*** Block opens ***

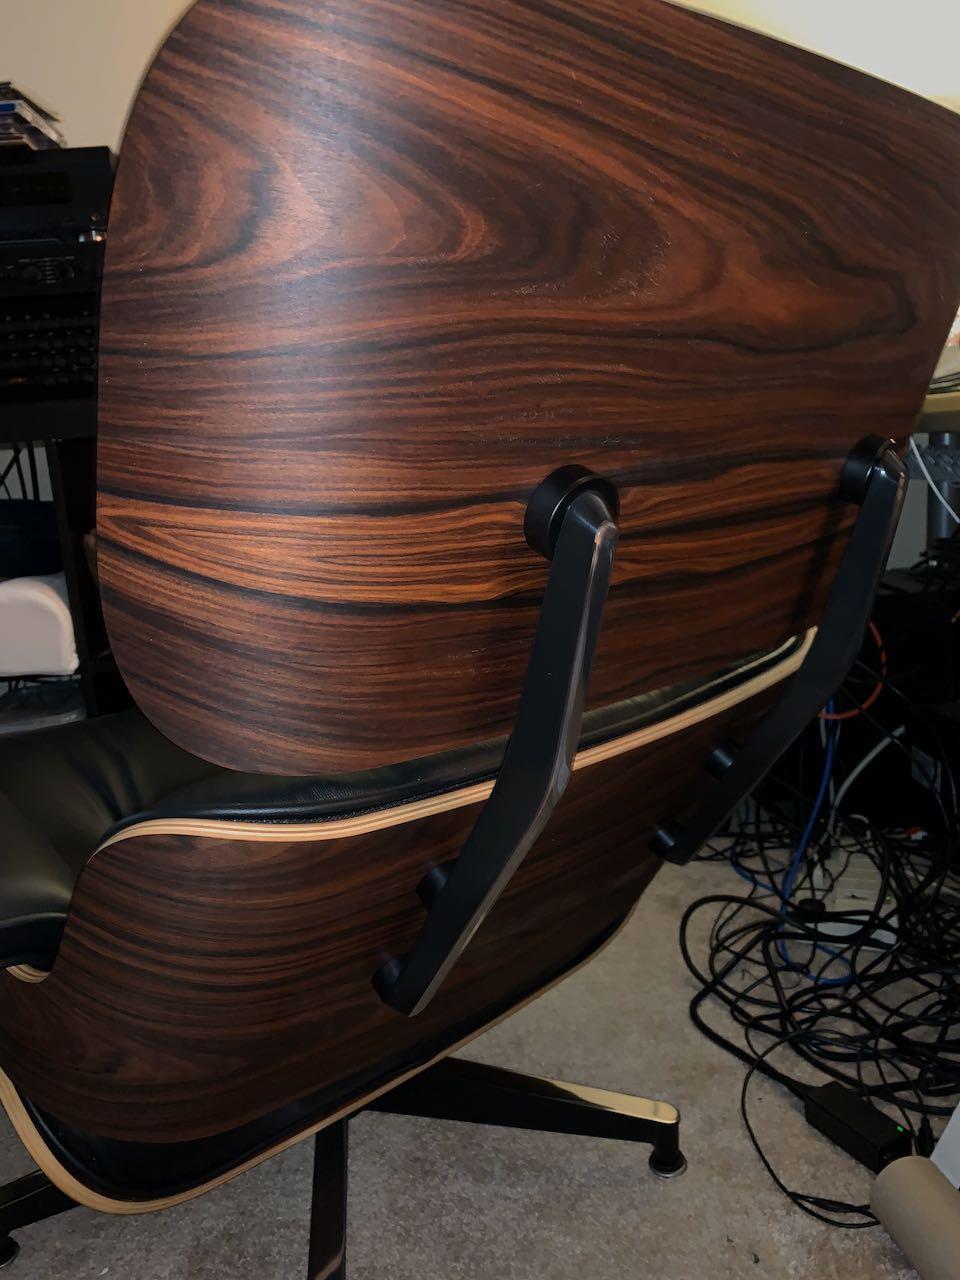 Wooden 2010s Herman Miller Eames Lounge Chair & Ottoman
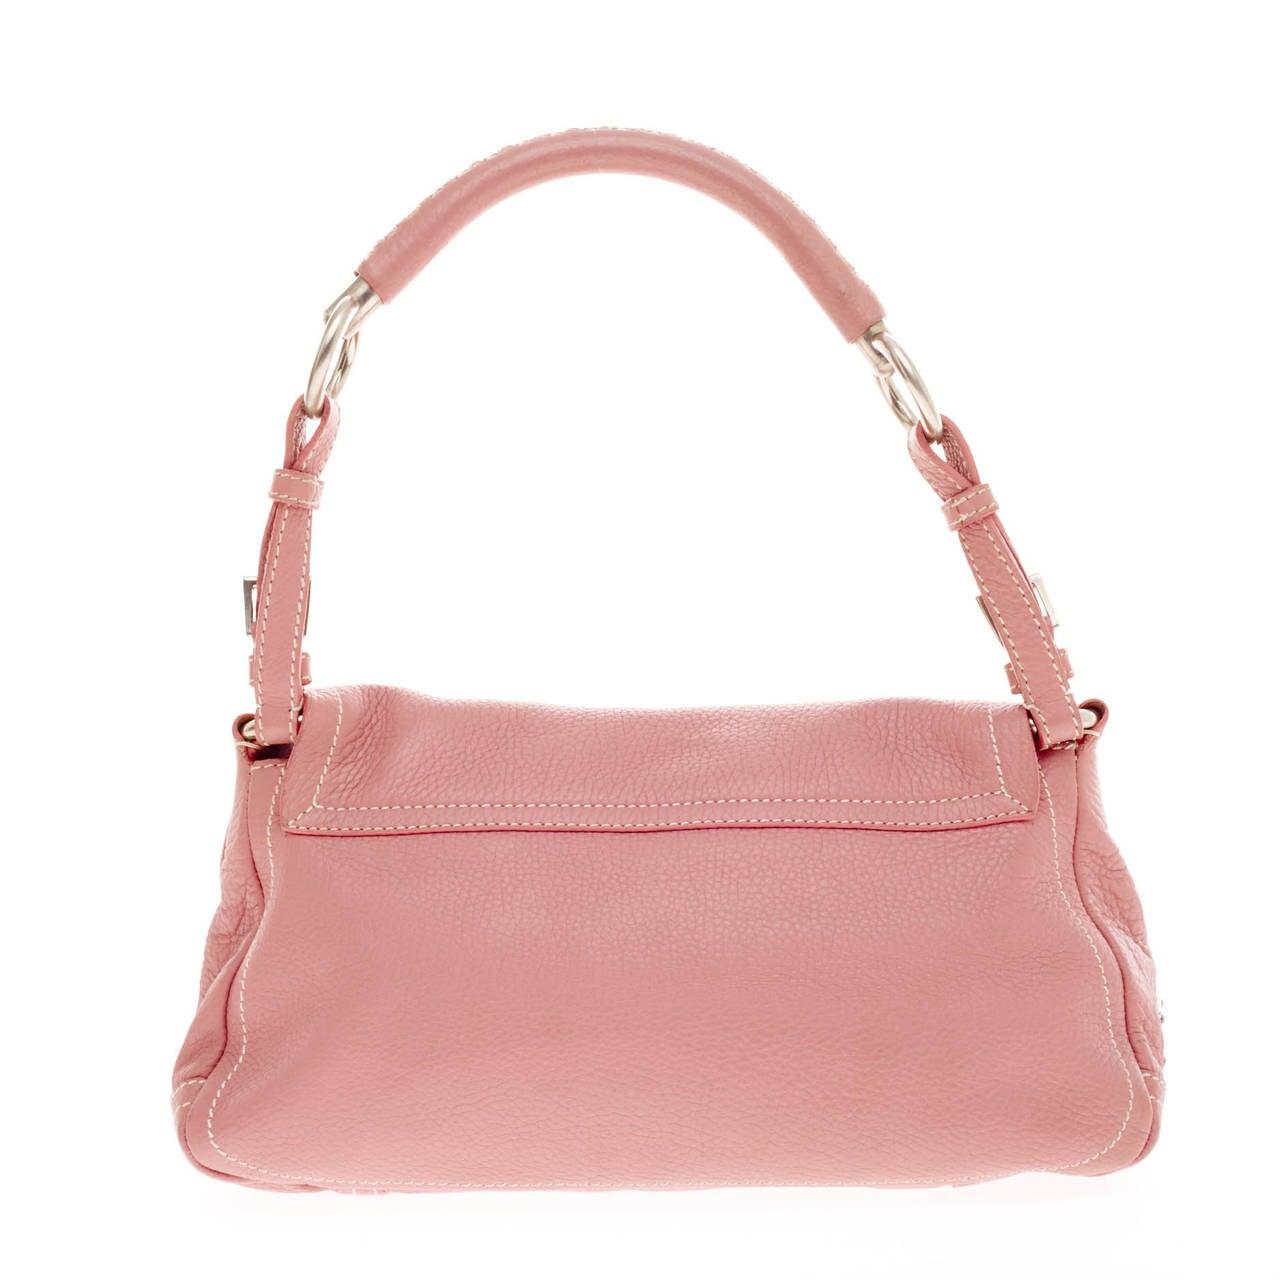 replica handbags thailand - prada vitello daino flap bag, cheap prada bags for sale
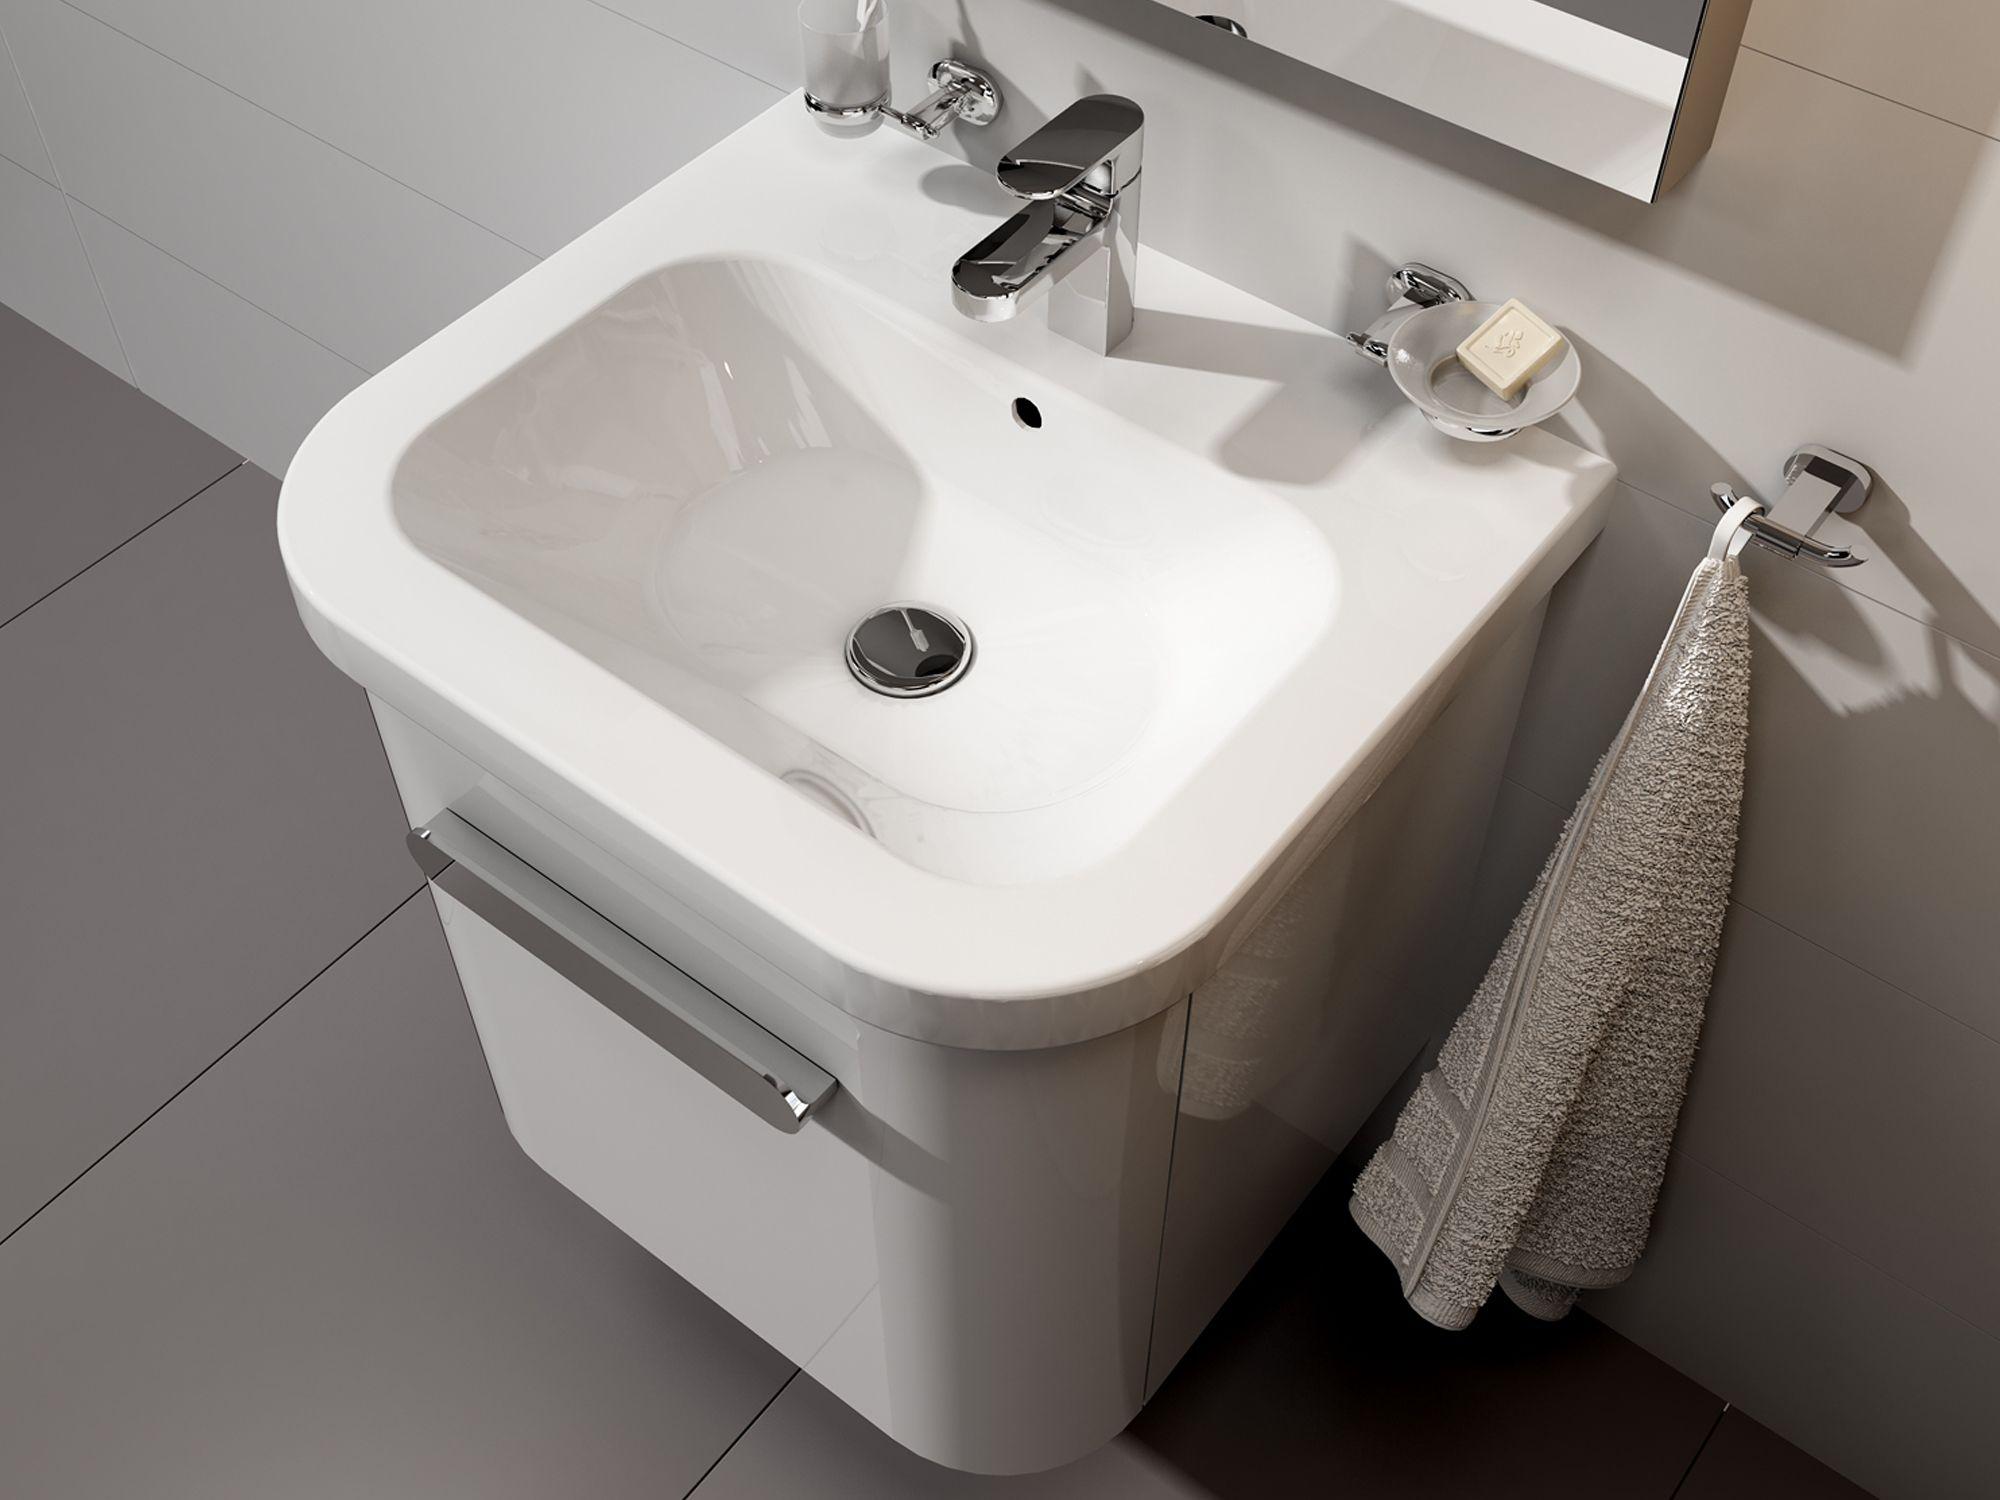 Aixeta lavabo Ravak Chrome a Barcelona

*** Block closes ***

### WORK REQUEST
Please ensure that the data above is repeated exactly, with no pictures in the copy.

### SOLUTION BELOW
 Wooden 2010s Herman Miller Eames Lounge Chair & Ottoman
 replica handbags thailand - prada vitello daino flap bag, cheap prada bags for sale
 Aixeta lavabo Ravak Chrome a Barcelona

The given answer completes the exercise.